++++ Information supplied
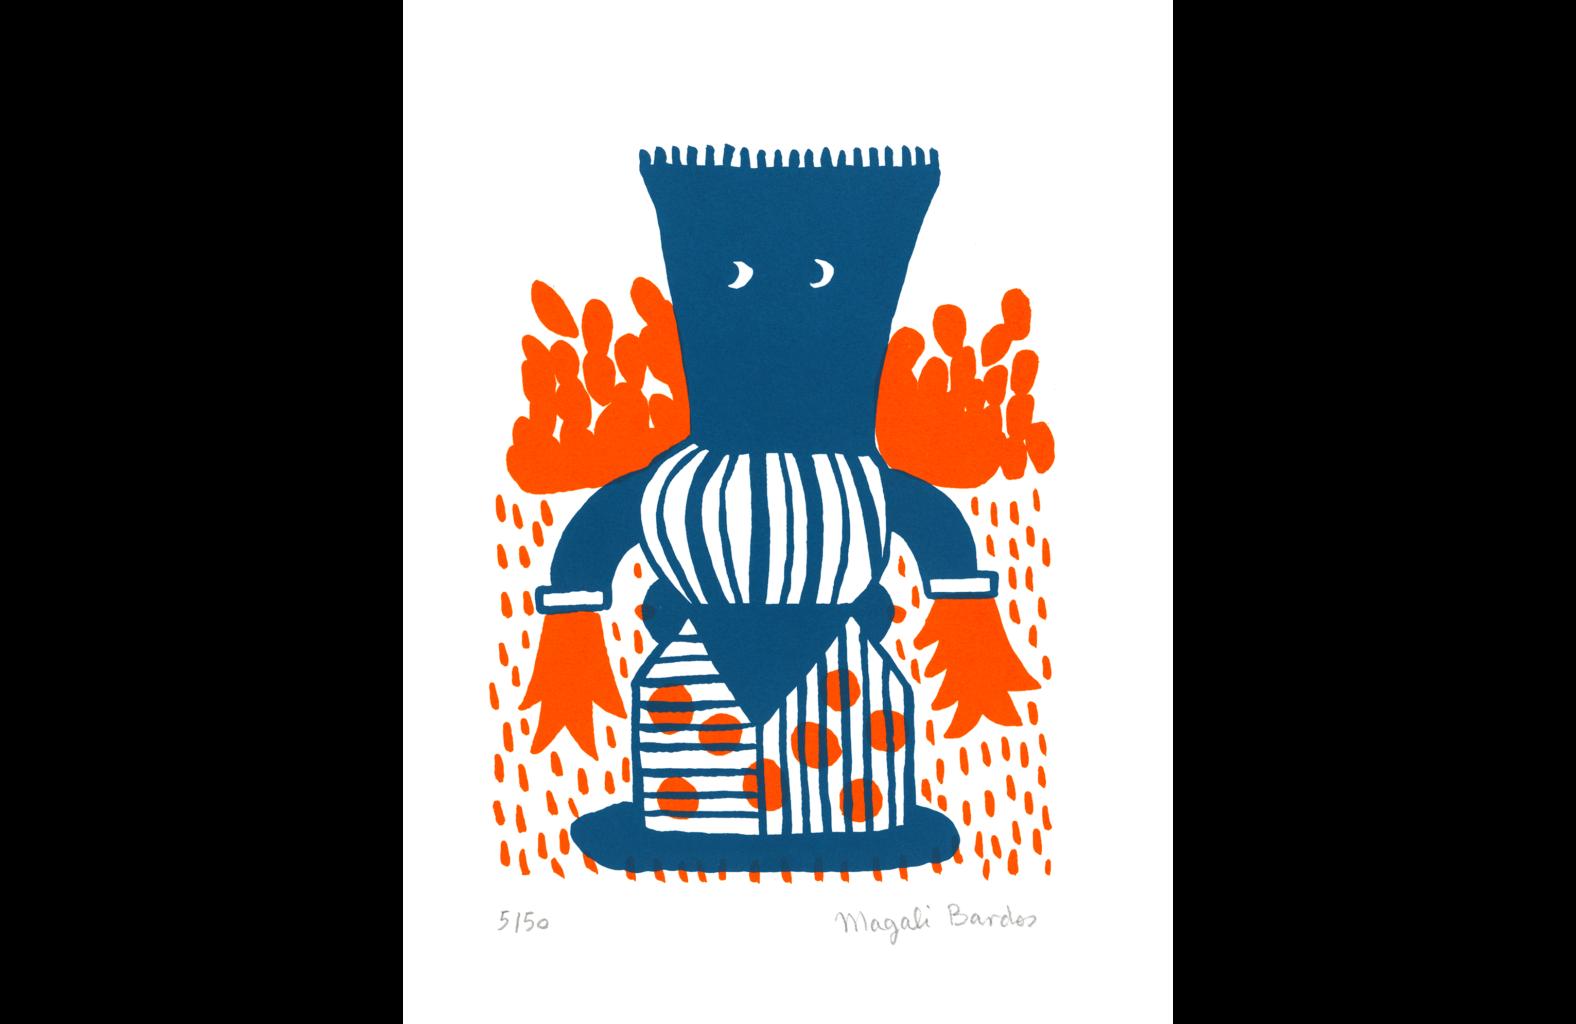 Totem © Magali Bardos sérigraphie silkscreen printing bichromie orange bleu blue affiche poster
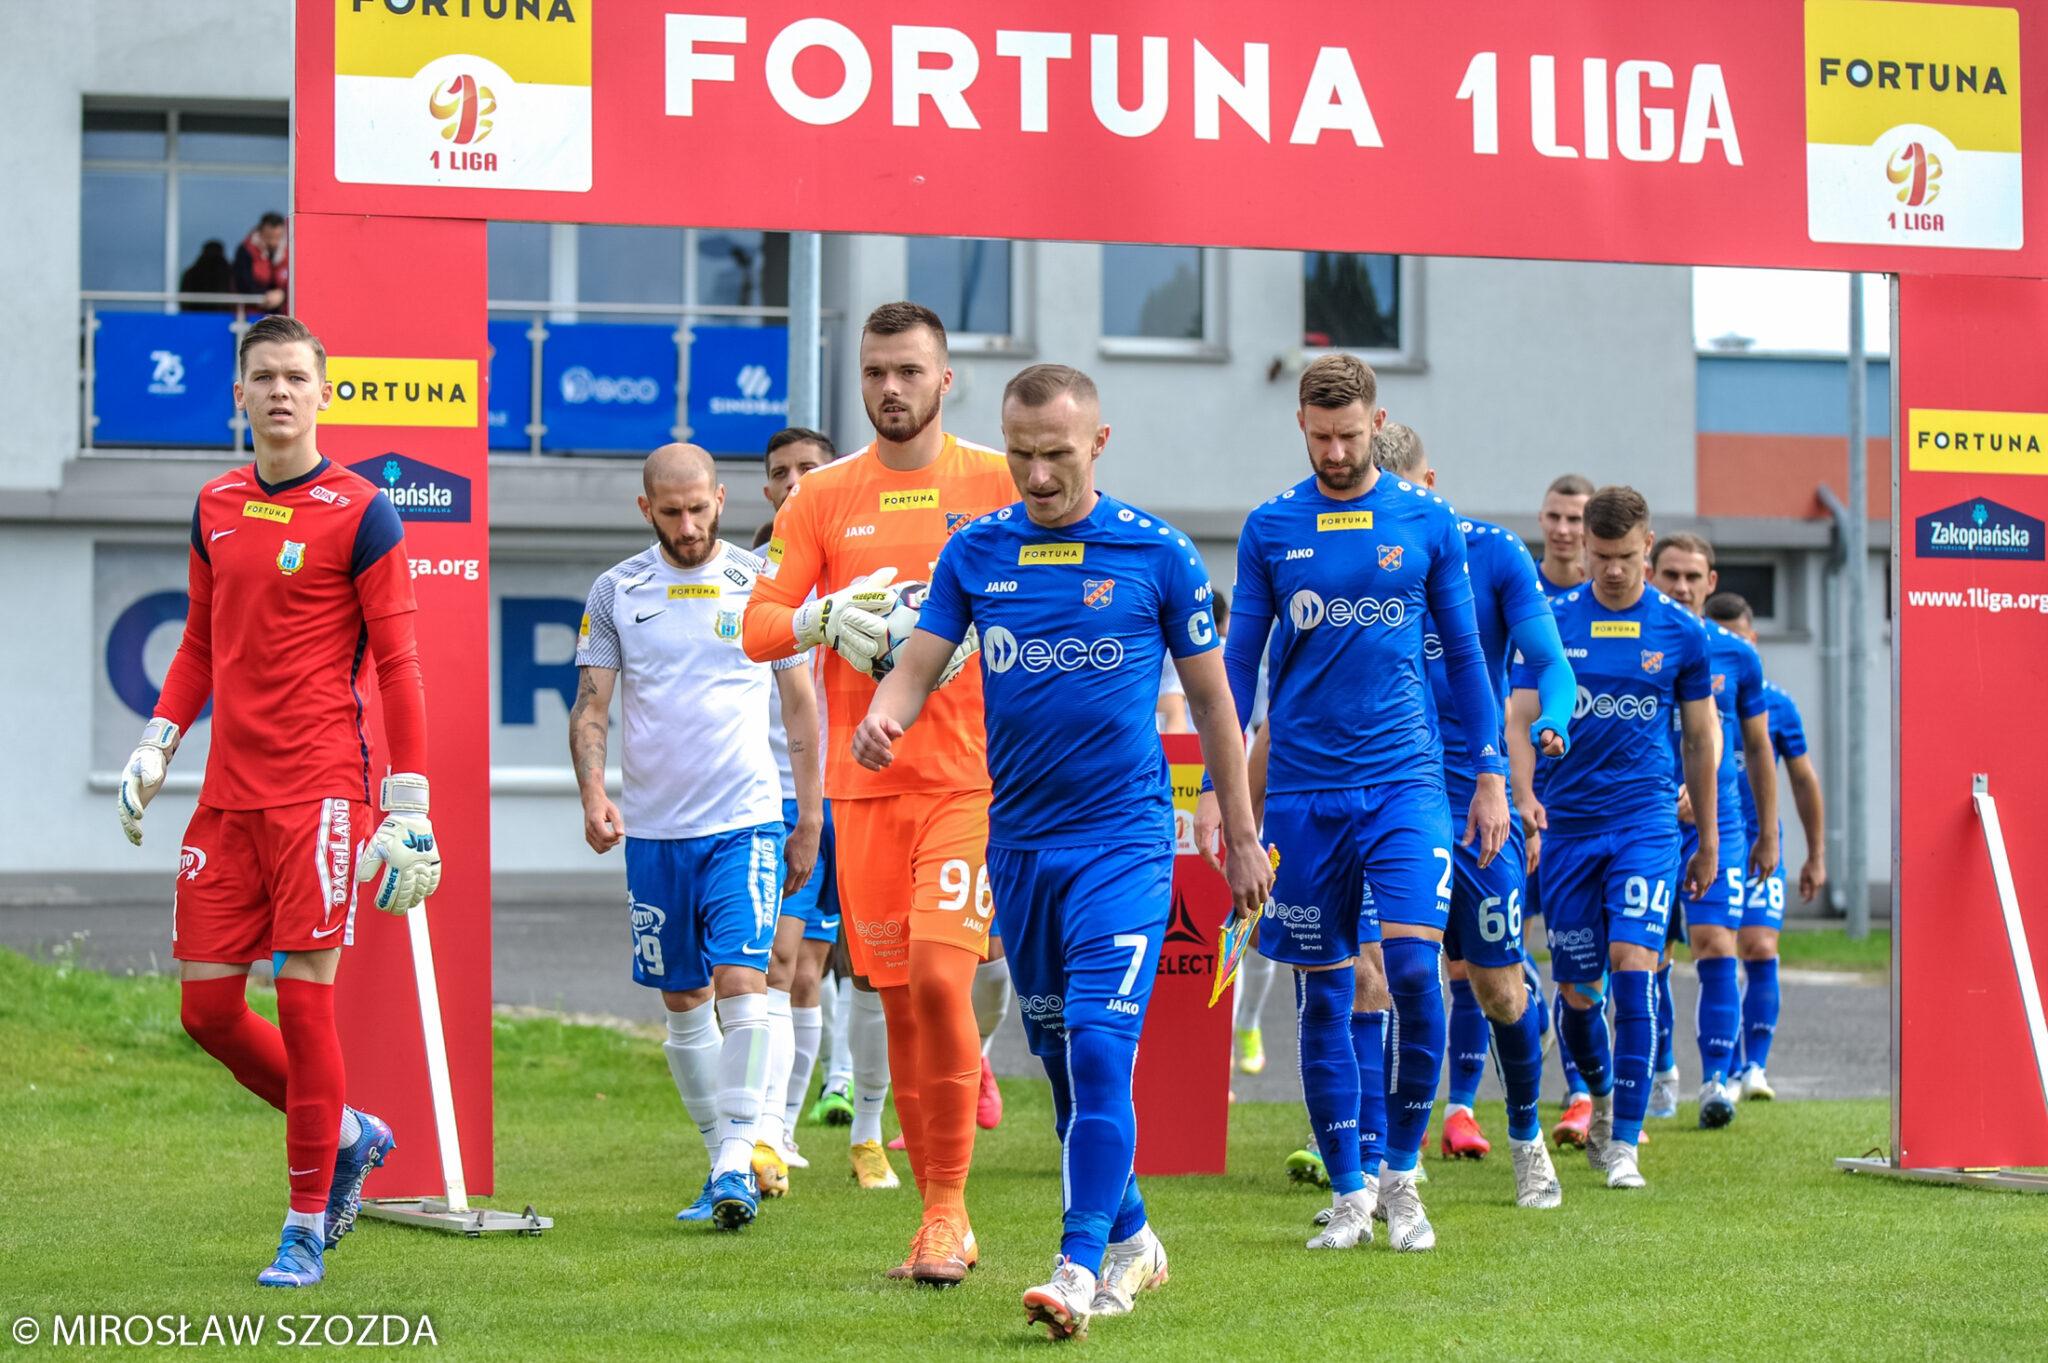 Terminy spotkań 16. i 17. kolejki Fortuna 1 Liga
++++++++
++++ Information supplied
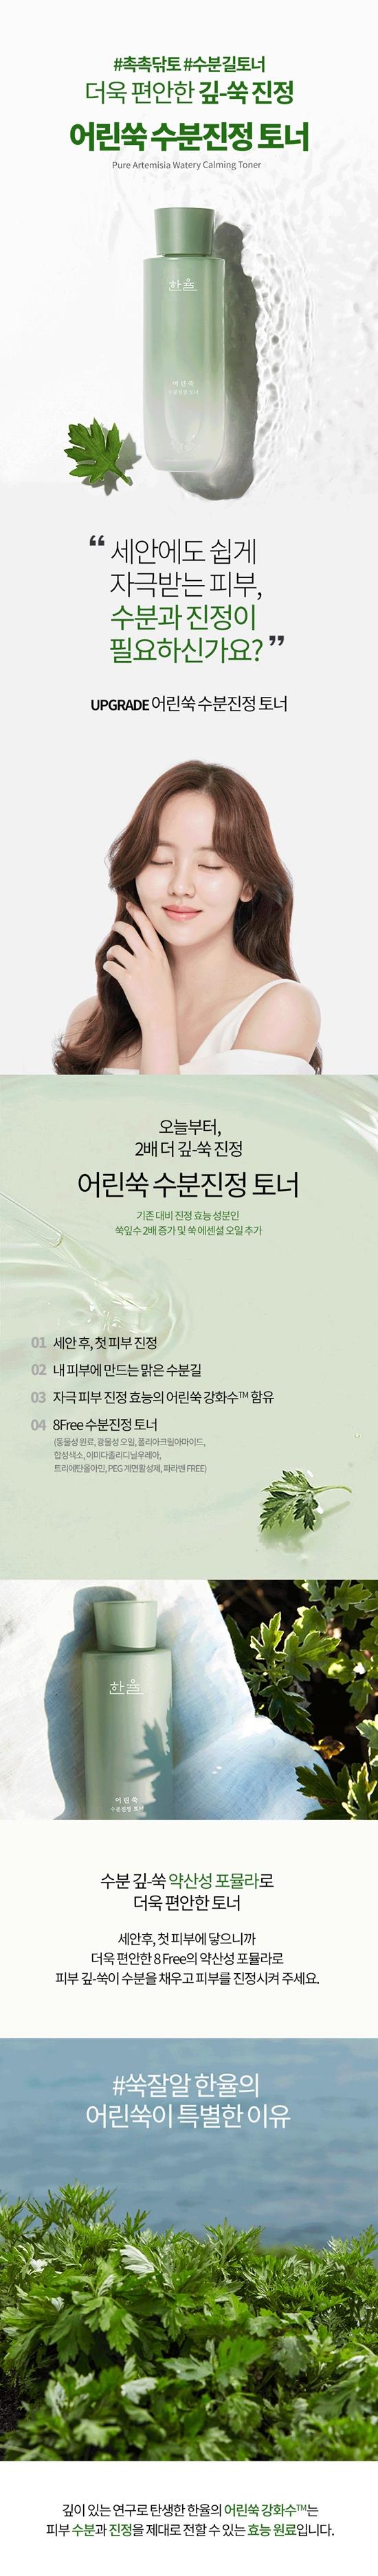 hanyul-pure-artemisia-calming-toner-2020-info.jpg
++++++++
The task:
Within the listing above, write out the stretch from the line with "Totem © Magali" through the line with "Terminy spotkań 16." exactly. Any pictures are to be left out.

Solution to the problem:
 Totem © Magali Bardos sérigraphie silkscreen printing bichromie orange bleu blue affiche poster
 Terminy spotkań 16. i 17. kolejki Fortuna 1 Liga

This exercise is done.